Nel delineare le caratteristiche formali della fiaba popolare occorre, secondo Jolles, tener ben presente la distinzione tra forma semplice e forma artistica. Sebbene le versioni scritte delle fiabe della tradizione orale, se trascritte con scrupolo filologico, come, ad esempio, le fiabe grimmiane, mantengano una buona parte delle caratteristiche formali della fiabe popolari, l’impronta dello scrittore rimane comunque percepibile.

Per quanto riguarda la fiaba scritta, Dacia Maraini afferma in un suo saggio sull’argomento:“La scrittura mima l’oralità, come la danza mima i movimenti naturali del corpo, che sia umano o animale. La rappresentazione scritta della lingua orale è comunque una forma di artificio. Si tratta di valutare il grado degli artifici”.

Breve itinerario storico. La fiaba ebbe in Oriente uno sviluppo grandioso (Pancatantra; Mille e una notte). Non fu presente presso i Greci e i Romani, che invece svilupparono la favola; in Occidente visse grazie alla tradizione orale e popolare e divenne solo tardivamente pretesto per composizioni artistiche raffinate. I protonarratori sono con ogni probabilità due gruppi di personaggi ben distinti: i viaggiatori e i contadini.

Le fiabe vennero raccolte dalla viva voce dei narratori popolari e trascritte a partire dal Seicento. I primi furono Giovanni Francesco Straparola (1480-1557), con le 75 fiabe de Le piacevoli notti (contenente anche la prima versione de Il Gatto con gli stivali) e Giambattista Basile (1566-1632), il quale, con la bellissima raccolta di cinquanta fiabe in dialetto napoletano, intitolata Lo cunto de li de li cunti (o Pentamerone), getta le basi dello sviluppo fiabesco europeo. La strada italiana è fatta soprattutto di dialetti e nei dialetti si iscrive il sentiero tortuoso della fiaba. 

Alla corte di re Luigi XIV di Francia, Charles Perrault (1628-1703) rielaborò le storie popolari di Basile, basandosi anche sull’osservazione della vita di corte, nei celebri Racconti di Mamma Oca,una raccolta di alcune fiabe tradizionali più famose.
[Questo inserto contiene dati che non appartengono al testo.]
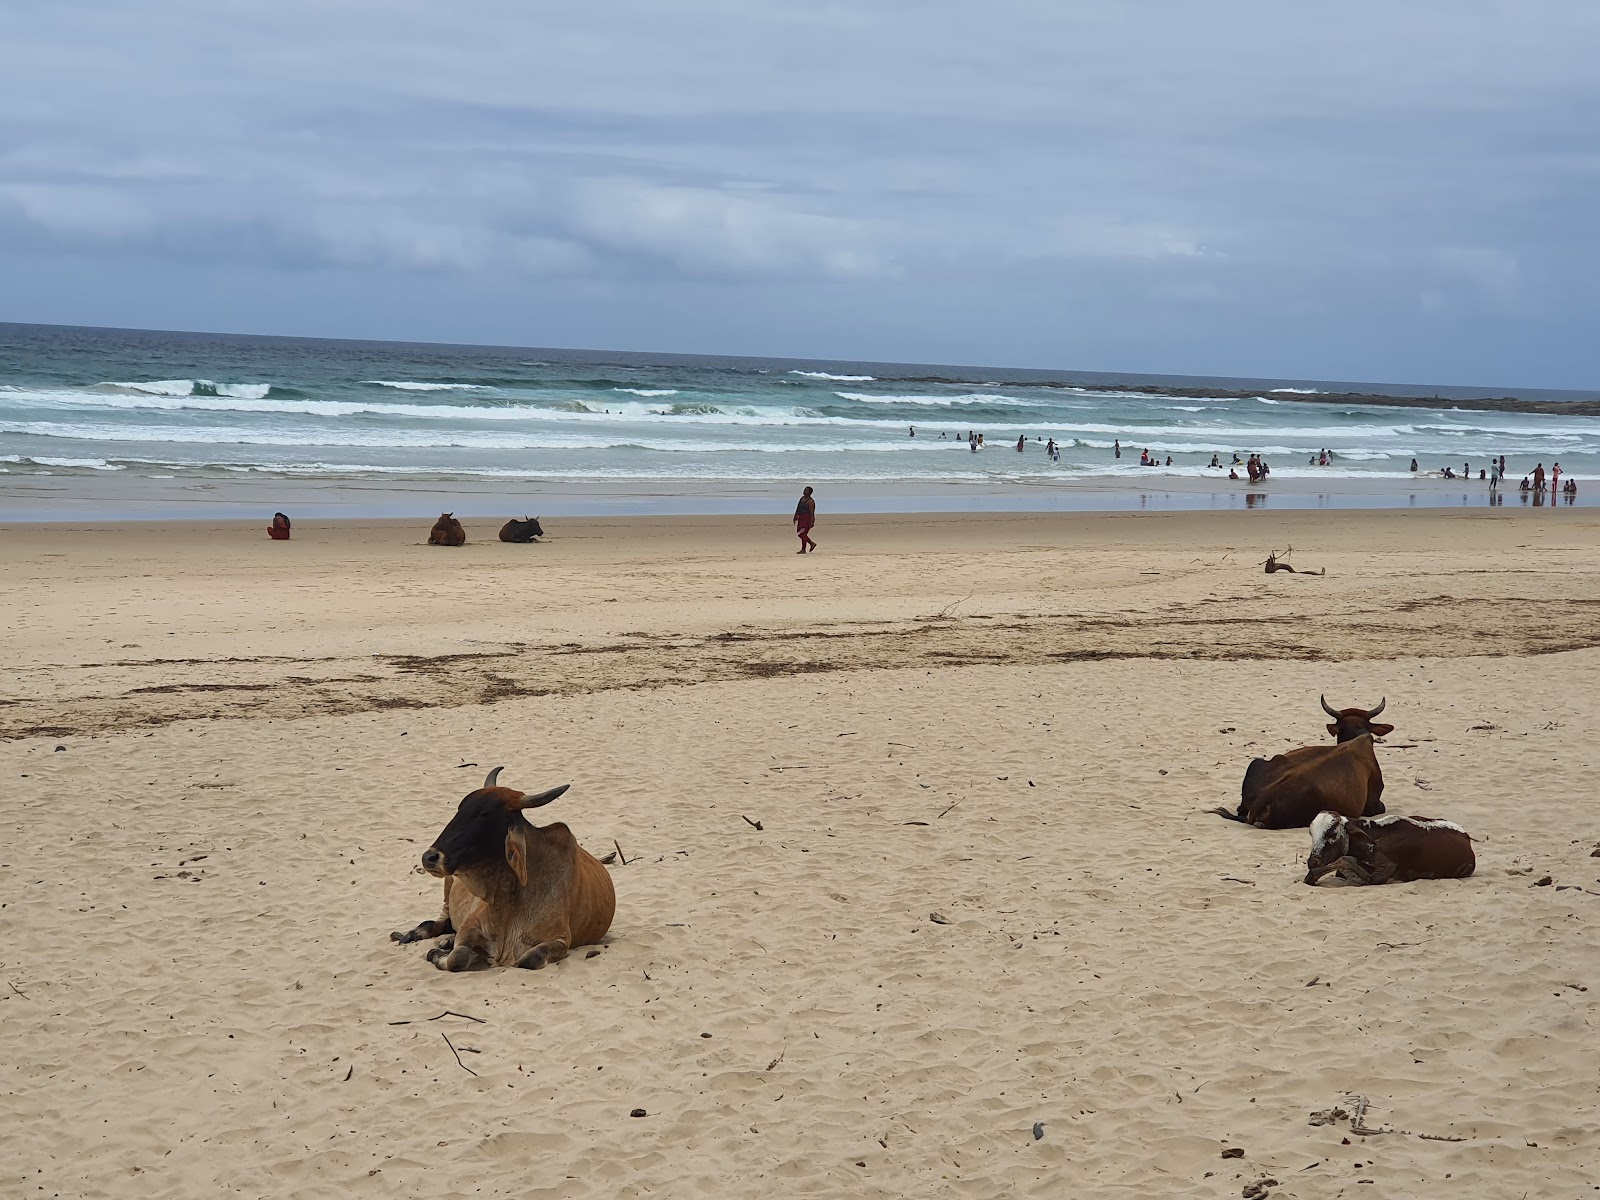 Fotografie cu Nenga beach cu nivelul de curățenie in medie

Molto importanti furono nel Settecento la traduzione e la diffusione in Europa de Le mille e una notte, una ricchissima raccolta di fiabe del mondo arabo e orientale, come I viaggi di Sindbad o Aladino e la lampada magica.

Tra il 1720 e il 1806 vive Carlo Gozzi, che trasporta le fiabe in versione teatrale, creando nuove realtà che assurgono agli onori letterari (soprattutto con il ciclo che vede la luce tra il 1761 e il 1765).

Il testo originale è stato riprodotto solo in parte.